Component | Minimum Spec | Recommended Spec |
---|---|---|
GPU (NVIDIA) | 6GB VRAM (4-bit) | 12GB+ VRAM (FP16) |
RAM | 16GB | 32GB |
Storage | 50GB HDD | 100GB NVMe SSD |
OS | Ubuntu 20.04 LTS | Ubuntu 22.04 LTS |
CUDA Version | 11.7 | 12.1 |
Key Notes:
- CPU-only mode possible but extremely slow (not recommended)
- Requires Python 3.9+ and PyTorch 2.0+
- Tested on NVIDIA RTX 3060 (12GB) and A100 (40GB)
Installation Steps
1. Clone the Repository
Start by cloning the local-llasa-tts
repository from GitHub, which contains necessary scripts and files.

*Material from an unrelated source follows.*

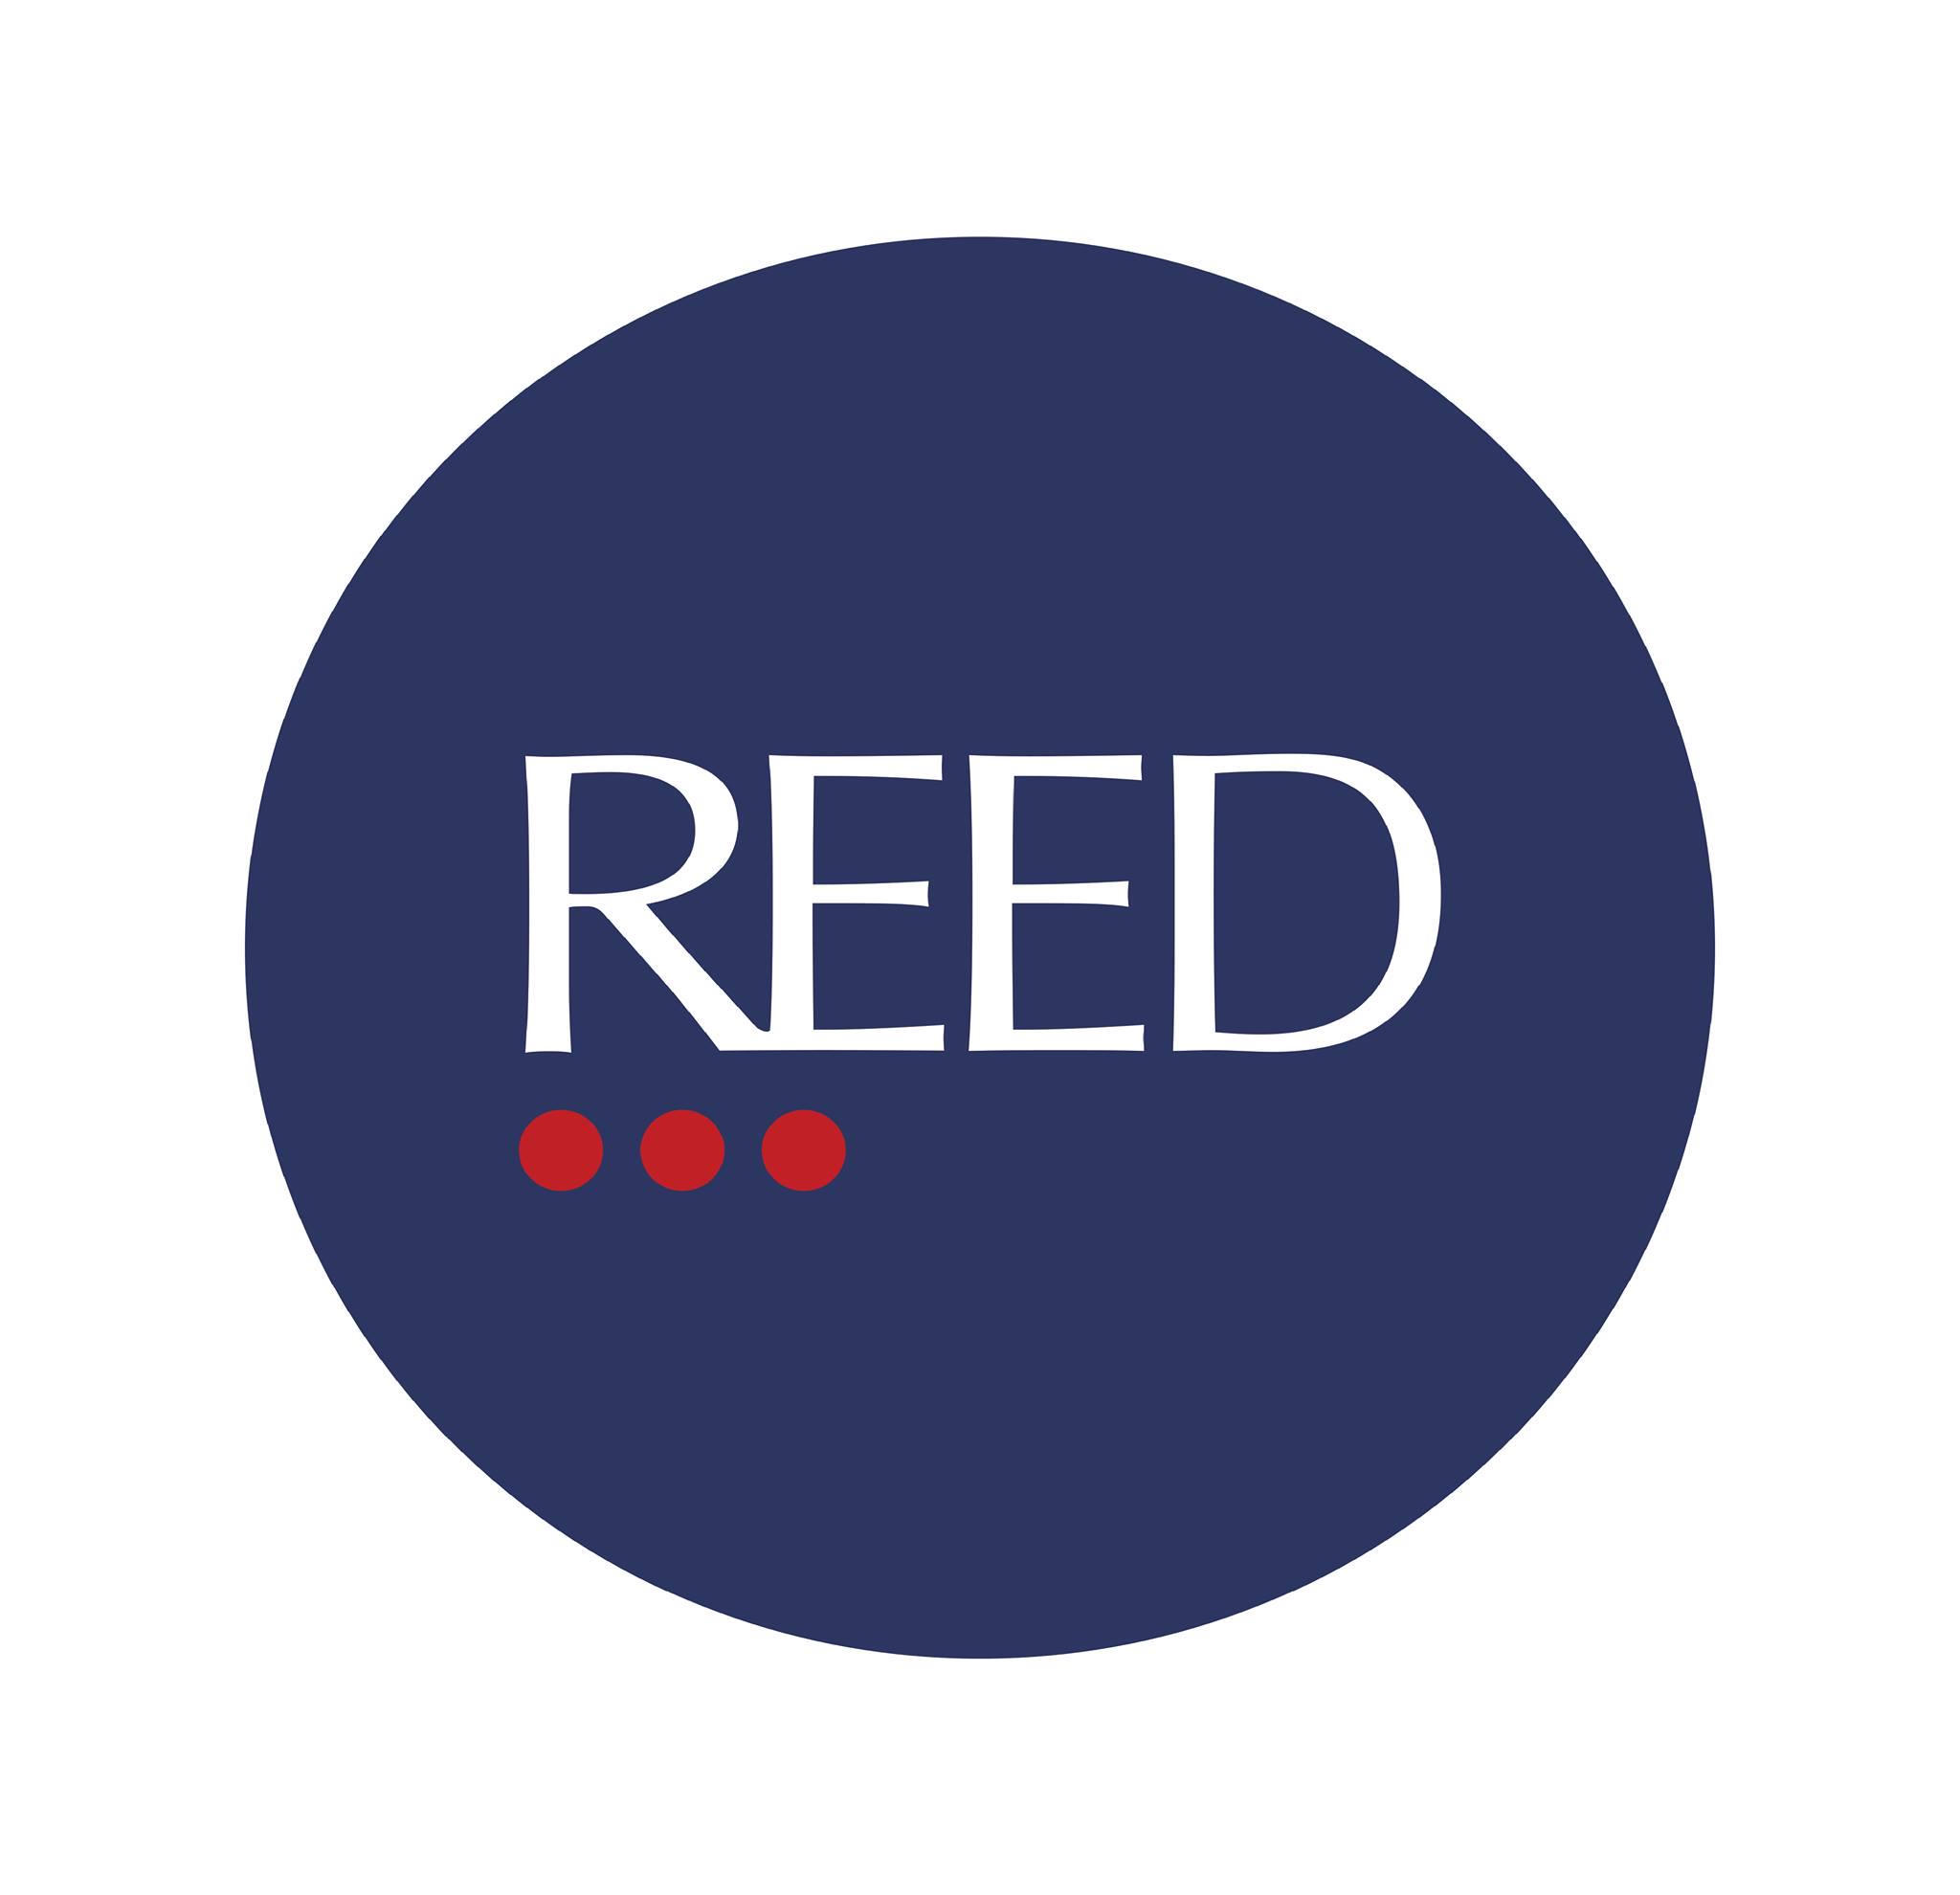 Reed Specialist Recruitment Malta Ltd. profile on Qualified.One

git clone https://github.com/nivibilla/local-llasa-tts.git
cd local-llasa-tts
2. Install Dependencies
Install required Python packages using pip
:
pip install -r ./requirements_base.txt
pip install -r ./requirements_native_hf.txt
3. Setting Up llama.cpp (Optional)
If you wish to use llama.cpp
for inference, follow these steps:
git clone https://github.com/ggerganov/llama.cpp
cd llama.cpp
LLAMA_CURL=1 make LLAMA_CUDA=1
Download a GGUF version of the LLaSA TTS 3B model, available on Hugging Face, and run inference:
./llama-cli --hf-repo srinivasbilla/llasa-3b-Q4_K_M-GGUF --hf-file llasa-3b-q4_k_m.gguf -p "The meaning of life and the universe is"
4. Running the Gradio App
Launch the Gradio web interface for interacting with the model:
python ./hf_app.py
5. Long Text Inference with VLLM
For long texts, use VLLM for efficient inference:
pip install vllm
jupyter notebook llasa_vllm_longtext_inference.ipynb
Usage and Examples
1. Using the Gradio App
Access the web interface (usually http://localhost:7860
), enter text, select a voice, and generate speech.
2. Command-Line Inference
Generate speech from text using the Transformers library:
from transformers import AutoTokenizer, AutoModelForCausalLM
import torch
model_name = "HKUSTAudio/Llasa-3B"
tokenizer = AutoTokenizer.from_pretrained(model_name)
model = AutoModelForCausalLM.from_pretrained(model_name)
text = "Hello, this is a test of the LLaSA TTS model."
inputs = tokenizer(text, return_tensors="pt")
with torch.no_grad():
speech = model.generate(**inputs)
3. Voice Cloning
LLaSA TTS supports voice cloning with a few seconds of audio input. Example:
import torch
from transformers import AutoTokenizer, AutoModelForCausalLM
import soundfile as sf
model_name = "HKUSTAudio/Llasa-3B"
tokenizer = AutoTokenizer.from_pretrained(model_name)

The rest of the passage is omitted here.